В японской компании-автогиганте незапланированные собрания без четкой повестки дня повсеместны и жизненно необходимы.
Все переговорные комнаты были заняты, поэтому собрание пришлось проводить в кладовке — пропахшей моющими средствами темной каморке площадью 5 квадратных метров, заставленной швабрами, щетками и вениками. В этот крохотный чулан втиснулись десять мужчин и женщин в белых брюках и белых же рубашках, на правых нагрудных карманах которых были вышиты их имена. В такую униформу одеты все сотрудники Honda Motor Company — от водопроводчика до президента — на всех заводах и во всех офисах компании. Подобная униформа призвана нивелировать служебное положение работников: в Honda, где каждодневные обязанности сотрудников основаны на принципе взаимных компромиссов, точки зрения и предложения всех людей равноценны. Вы можете соглашаться с мнениями других сотрудников или считать их глупыми, но на ваше решение не должны влиять ни титулы, ни должности коллег — поэтому этот фактор «закамуфлирован» единой униформой.
Втиснутыми в кладовку оказались начальники цехов, компаньоны со сборочного конвейера (так в Honda называют рабочих) и эксперты по контролю качества, работающие на моторном заводе в городе Анна (США, штат Огайо), где Honda производит двигатели и детали трансмиссии с 1985 года. Этот завод, введенный в эксплуатацию через три года после того, как Honda открыла свой первый американский автозавод в соседнем Мэрисвилле, производит около 1,2 млн двигателей в год и является одним из крупнейших в мире предприятий, выпускающих автомобильные моторы.
Поводом для этого спонтанного собрания стал серьезный сбой в работе завода. Партия из десятков распределительных валов, полученных от поставщика, оказалась с микроскопическим дефектом, из-за которого в работающем двигателе возникал еле слышный ритмичный шелестящий звук. Этот едва различимый, но неприятный звук обнаружили в Мэрисвилле, причем уже на завершающем этапе конвейерной сборки седанов Honda Accord, когда рабочие первый раз заводили двигатель готового автомобиля. Поскольку под капотом только что собранных автомобилей все было «утрамбовано» впритык, оказалось, что для замены бракованного распредвала нужно вынимать весь двигатель.
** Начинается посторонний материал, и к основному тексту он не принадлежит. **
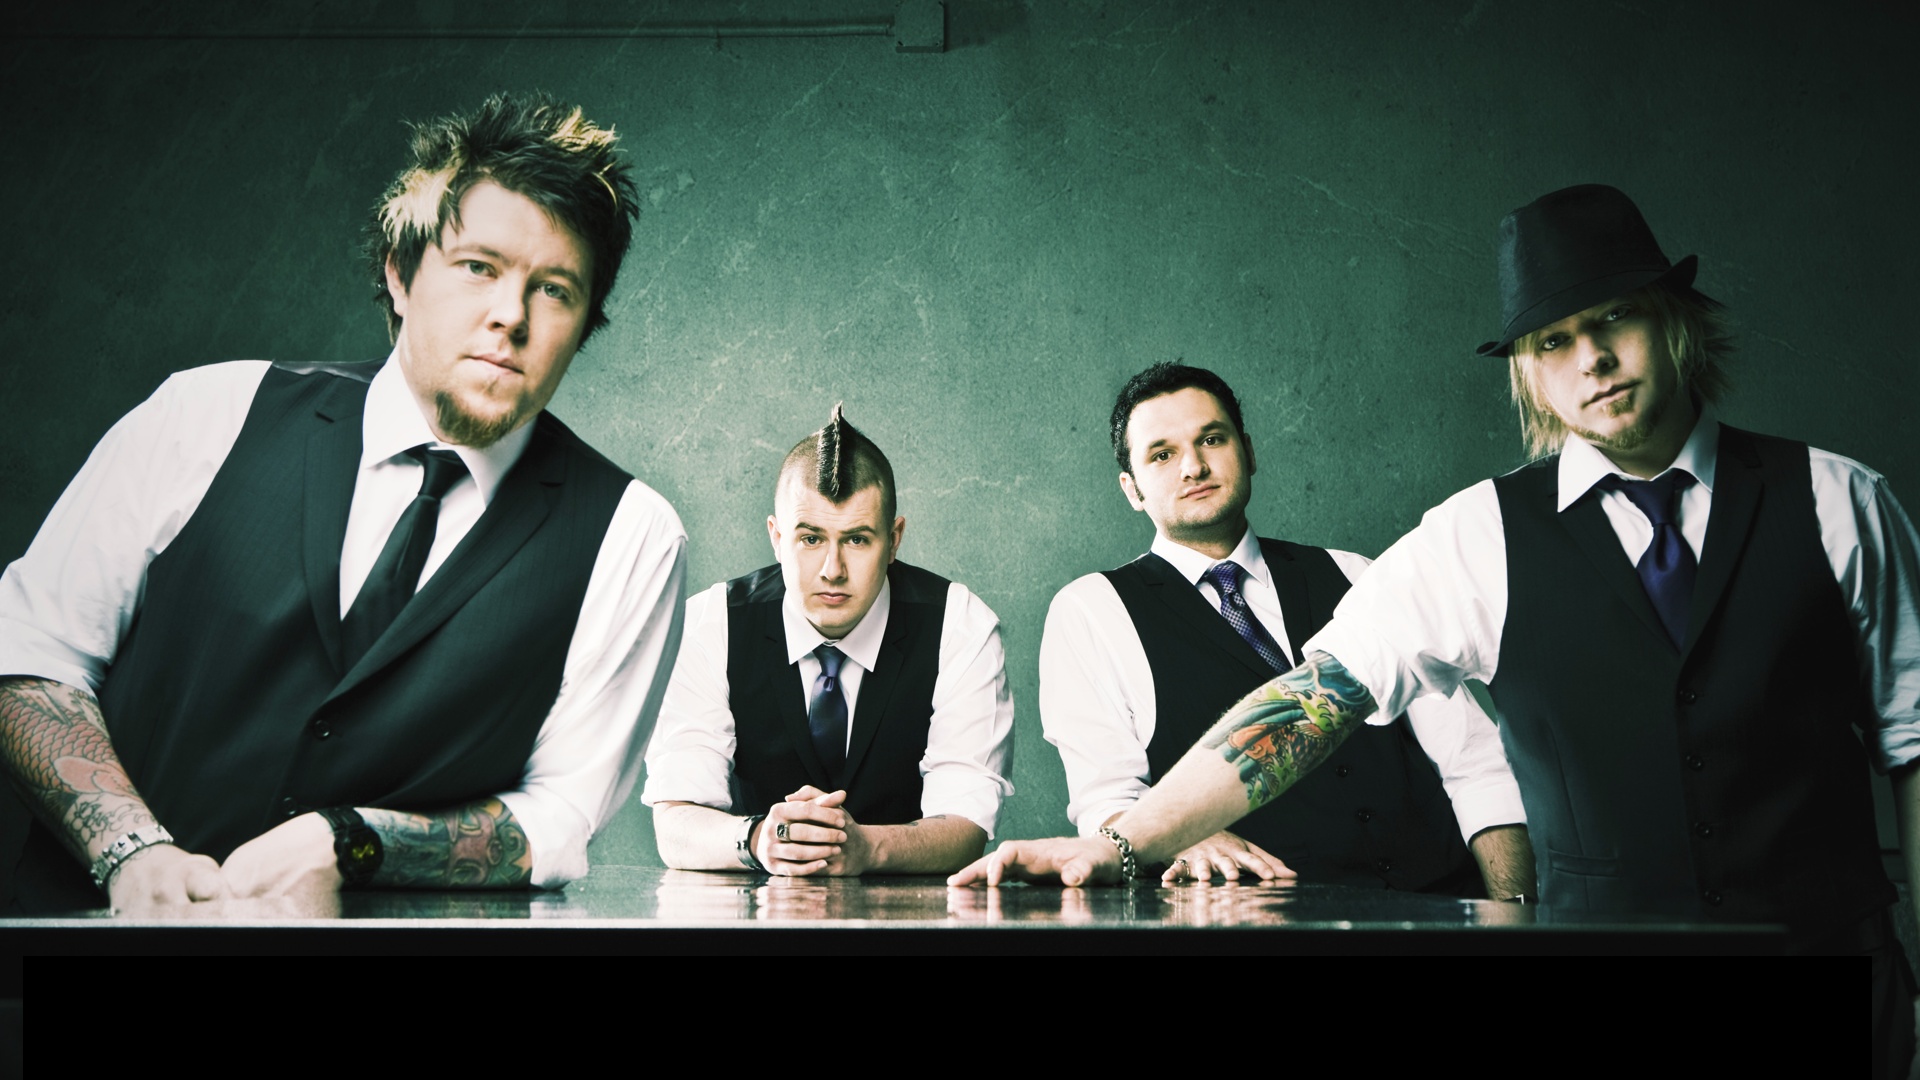 Nice Images Collection: 12 Stones Desktop Wallpapers

Менеджеры двух заводов разработали предварительный план решения проблемы: поскольку расстояние между Мэрисвиллом и Анной всего 80 километров, есть резон доставить собранные автомобили с дефектным двигателем на завод в Анне, где двигатели можно извлечь из моторных отсеков, отремонтировать и установить на автомобили заново. Конечно, такой сценарий не назовешь благоприятным, но на первый взгляд казалось, что это единственно возможный вариант. В этом случае на ремонт каждого автомобиля ушло бы до трех часов (не считая времени на транспортировку машин). Но когда план представили сотрудникам завода в Анне, эксперт по контролю качества несогласно покачала головой и предложила: «Давайте соберемся и обсудим эту кризисную ситуацию».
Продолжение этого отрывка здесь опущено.